Fresh Eyes for the 3000 Community

David.greer MB Foster gained the insights and experience of a veteran this year when David Greer joined the company as Director of Marketing and Sales. Greer posted more than 20 years of accomplishment while developing and managing business at Robelle. He then took about eight years away from the HP 3000 marketplace, working elsewhere in the IT industry and sailing the Med with his family, so he's returned with a fresh outlook. We asked him in a Q&A interview what he's seen so far that's changed in your community.

Have you had any conversations yet with customers worried about HP's departure at the end of this year?

I wouldn't say I've heard any angst or concern about that.

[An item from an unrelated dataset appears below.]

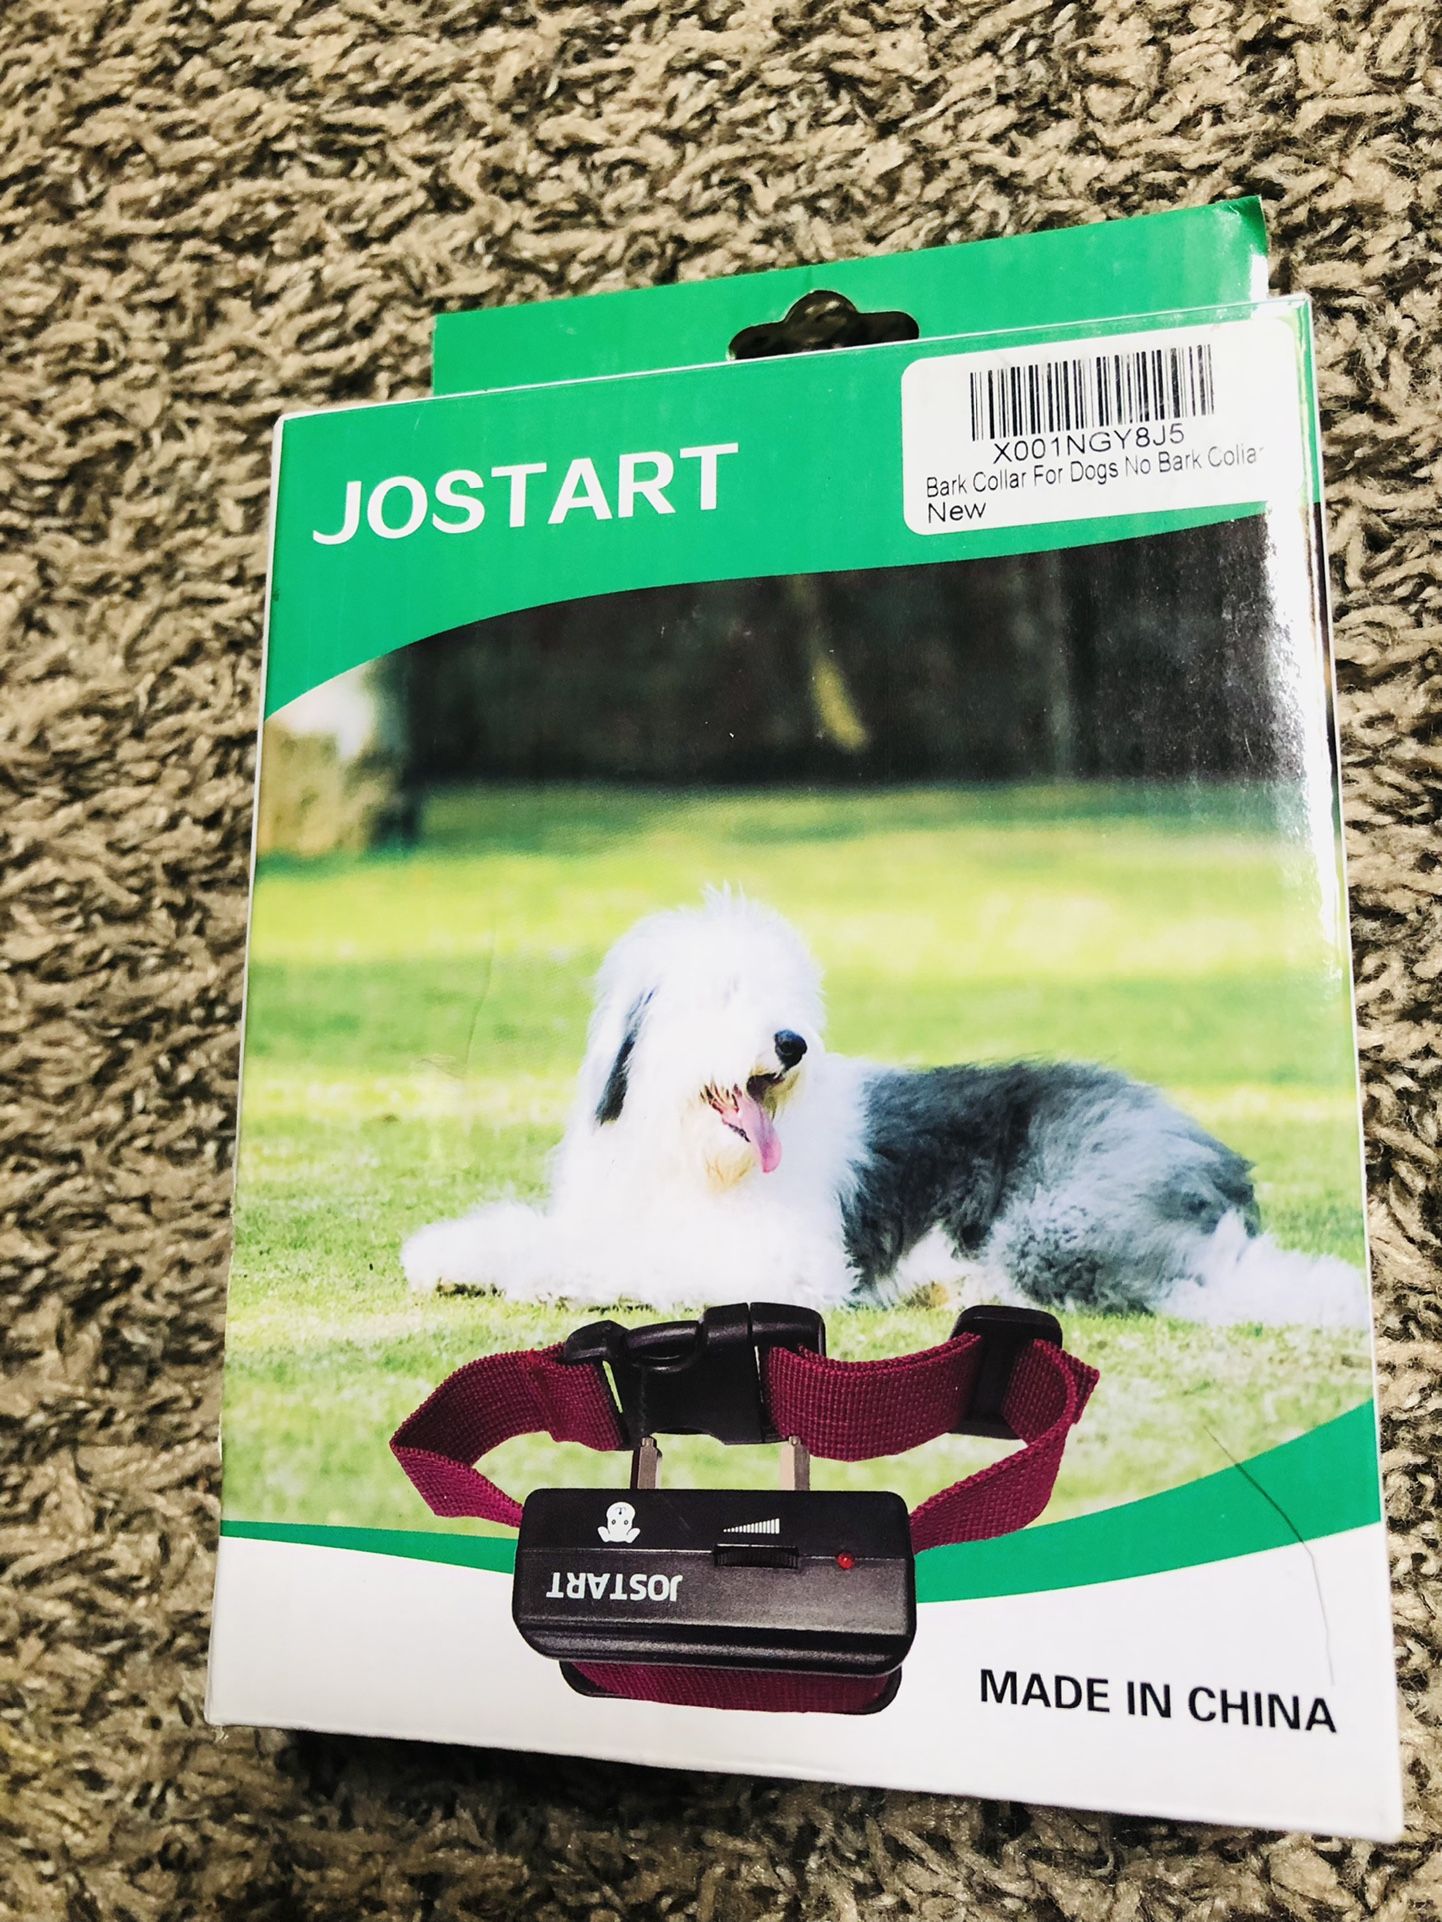 New joestar bark collar for dogs no bark collar

I've been asking people what they're doing for support, since HP's coming off at the end of this year. My gut says the majority have already moved on [to independent support]. Others are looking, but they're not particularly concerned. It's kind of business as usual. I don't see it as any driving factor, at least so far, that would make people leave the platform.

How are the changes in this market prompting you to change the MB Foster message?

The main things I'm trying to get out is reminding people of all the things MB Foster does. That's a pretty broad swath; a lot of people may not be aware that we can enable data replication for a data mart: or the depth of experience the company has in services with many organizations, working with senior management to produce effective reporting to drive their businesses.

    We're also reminding people that we're here whether you're homesteading or you want to transition. We've got solutions for both. We're trying to help people leverage more out of what they have.

The approach to a 3000 customer seems to have changed, with less focus on engaging through a product or meetings with technologists. How has your approach changed?

It's much more services-oriented, tailored. I don't think there's as much of a cookie-cutter solution. What we bring to the table in our intellectual property and experience lets us leverage a lot of things in a short amount of time.

    A lot of people have been on the 3000 a long time. Lots of them started out as programmers, and they're now CIOs. For them, a more senior business message is what they want to hear. In other cases we're talking with a technologist, and we have to raise awareness within that organization, especially with people responsible for lines of business about what's possible.

You've been away from this market since HP made its exit plans. What reasons have you seen why people need to leave the platform?

There's an aging workforce that has familiarity with the 3000. There's also an aging workforce that has familiarity with the applications. One of the reasons we see as a key driver to migrate is a company loses a key technical resource. Or they lose a key end user resource, someone who really knows the application inside out. We've had a couple of cases where we had to do a rush assessment, “because at the end of the month Joe is leaving.”

   We also see some pent-up merger and acquisition activity as a key change event. You suddenly get new senior management, a team that has different ideas and wants to take IT in a different direction. They don't necessarily want to support the legacy platform.